Interview mit Astrid Tomczak, München

Eigenblutbehandlungen erfreuen sich sowohl in ärztlichen als auch in naturheilkundlichen Praxen großer Beliebtheit. Neben der regenerativen Wirkung und einfachen Anwendung ist, sachgerechte Durchführung und Anwendung vorausgesetzt, auch das überschaubare Nebenwirkungspotential ein wichtiger Pluspunkt. Patienten sind dem Gedanken einer Behandlung mit körpereigenen Stoffen oft eher aufgeschlossen als der Implantation alloplastischen Materials. Seit etwa 10 Jahren ist allerdings eine große Diskussion darüber im Gange, welche Behandlungsformen der Eigenbluttherapie von Ärzten und Heilpraktikern durchgeführt werden dürfen. Dies hat auch zu einigen Gerichtsverfahren mit sehr unterschiedlichen Urteilen geführt. Noch steht eine letztverbindliche Klärung durch das Bundesverwaltungsgericht aus. Im Interview mit Medizin- consultant Astrid Tomczak LL.M (Pharmarecht) beleuchten wir die aktuelle Rechtslage.

Astrid Tomczak

Diskurs Dermatologie:
Frau Tomczak, welche gesetzlichen Regelungen gibt es derzeit zur Eigenbluttherapie?

Astrid Tomczak:
Die Eigenbluttherapie unterliegt drei gesetzlichen Schranken. Zunächst
ist das Transfusionsgesetz (TFG) einschlägig, welches die sichere Gewinnung und Anwendung von Blut und Blutprodukten gewährleisten soll und damit bei der Entnahme von Blut zu beachten ist. Da Blutprodukte Arzneimittel sind, unterliegt ihre Herstellung außerdem dem Arzneimittelgesetz (AMG). Zur Sicherung der Qualität, Wirksamkeit und Unbedenklichkeit von Arzneimitteln stellt es bestimmte Anforderungen an die Herstellung von Blutprodukten. Das Arzneimittelgesetz gilt ausdrücklich neben dem Transfusionsgesetz (§ 29 TFG). Am 16. August 2019 trat zusätzlich das Gesetz für mehr Sicherheit in der Arzneimittelversorgung (GSAV) in Kraft. Hierin wird die Erlaubnispflicht für die Herstellung von Arzneimitteln durch Angehörige der Heilberufe in der Praxis geregelt.
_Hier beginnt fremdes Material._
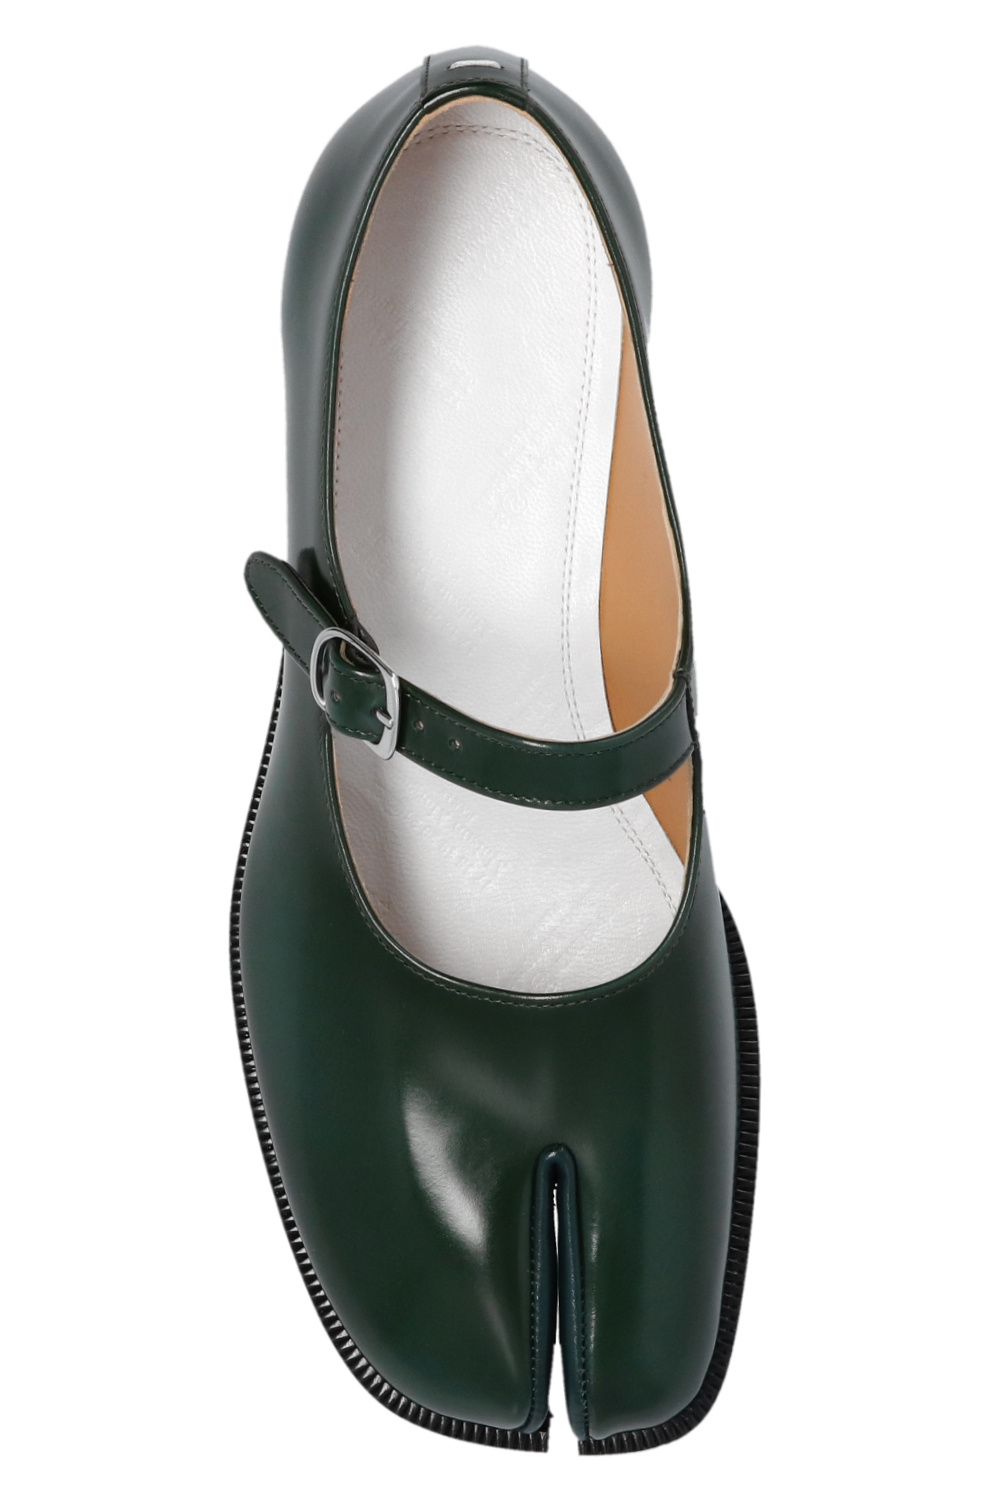 Louis Vuitton Leather Double Strap Mary Jane Pumps - Size 8.5 / 38.5, Louis  Vuitton Shoes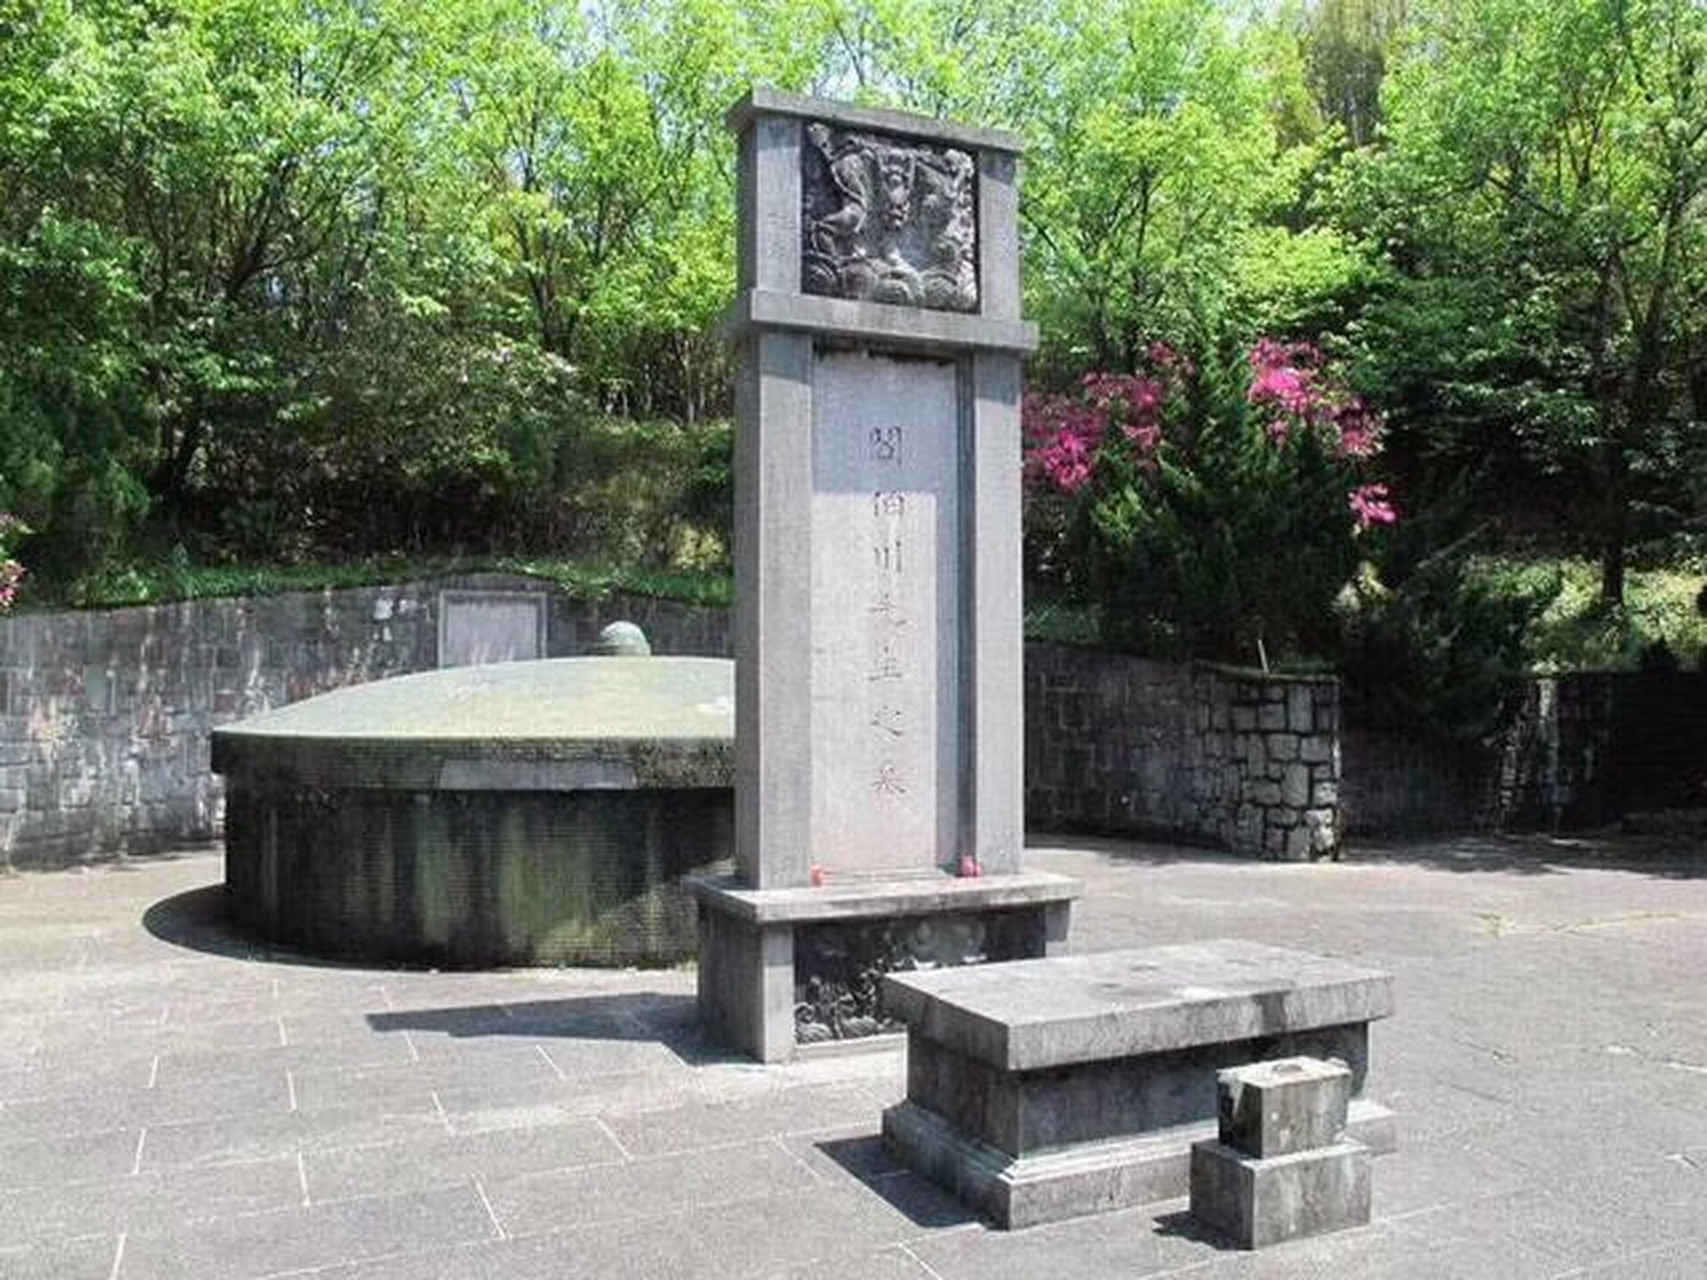 台湾阎锡山墓地,墓碑朝向山西老家,图7是为他守墓至今的老部下.

Bislang benötigten weder Ärzte noch Heilpraktiker nach dem Arzneimittelgesetz eine behördliche Erlaubnis für die Herstellung von Arzneimitteln und damit auch nicht für (Eigen-) Blutzubereitungen. Voraussetzung für das sog. „Ärzteprivileg“ war, dass das Arzneimittel unter unmittelbarer fachlicher Verantwortung des Arztes oder Heilpraktikers zum Zweck der persönlichen Anwendung bei einem bestimmten Patienten hergestellt wurde (§ 13 Abs. 2b AMG). Bis zum Inkrafttreten des GSAV galt für beide Berufsgruppen lediglich eine Anzeigepflicht bei den zuständigen Gesundheitsbehörden. Dies hat sich nun geändert. Für die Herstellung verschreibungspflichtiger Arzneimittel und damit auch für Blutprodukte gilt nun für Heilpraktiker ein Erlaubnisvorbehalt (vgl. § 13 Abs. 2b S. 2 Nr. 3, § 14 AMG). Um die Genehmigung zu erhalten, muss die sog. Fachkunde nachgewiesen werden. Dieser Nachweis gilt dann als erbracht, wenn eine Approbation als Apotheker erworben wurde. Alternativ reicht auch ein Zeugnis über eine nach abgeschlossenem, mindestens vierjährigem Hochschulstudium der Pharmazie, der Chemie, der pharmazeutischen Chemie und Technologie, der Biologie, der Human- oder der Veterinär- medizin abgelegte Prüfung. Zusätzlich muss eine mindestens zweijährige praktische Tätigkeit auf dem Gebiet der qualitativen und quantitativen Analyse sowie sonstiger Qualitätsprüfungen von Arzneimitteln oder Tierarzneimitteln nachgewiesen werden.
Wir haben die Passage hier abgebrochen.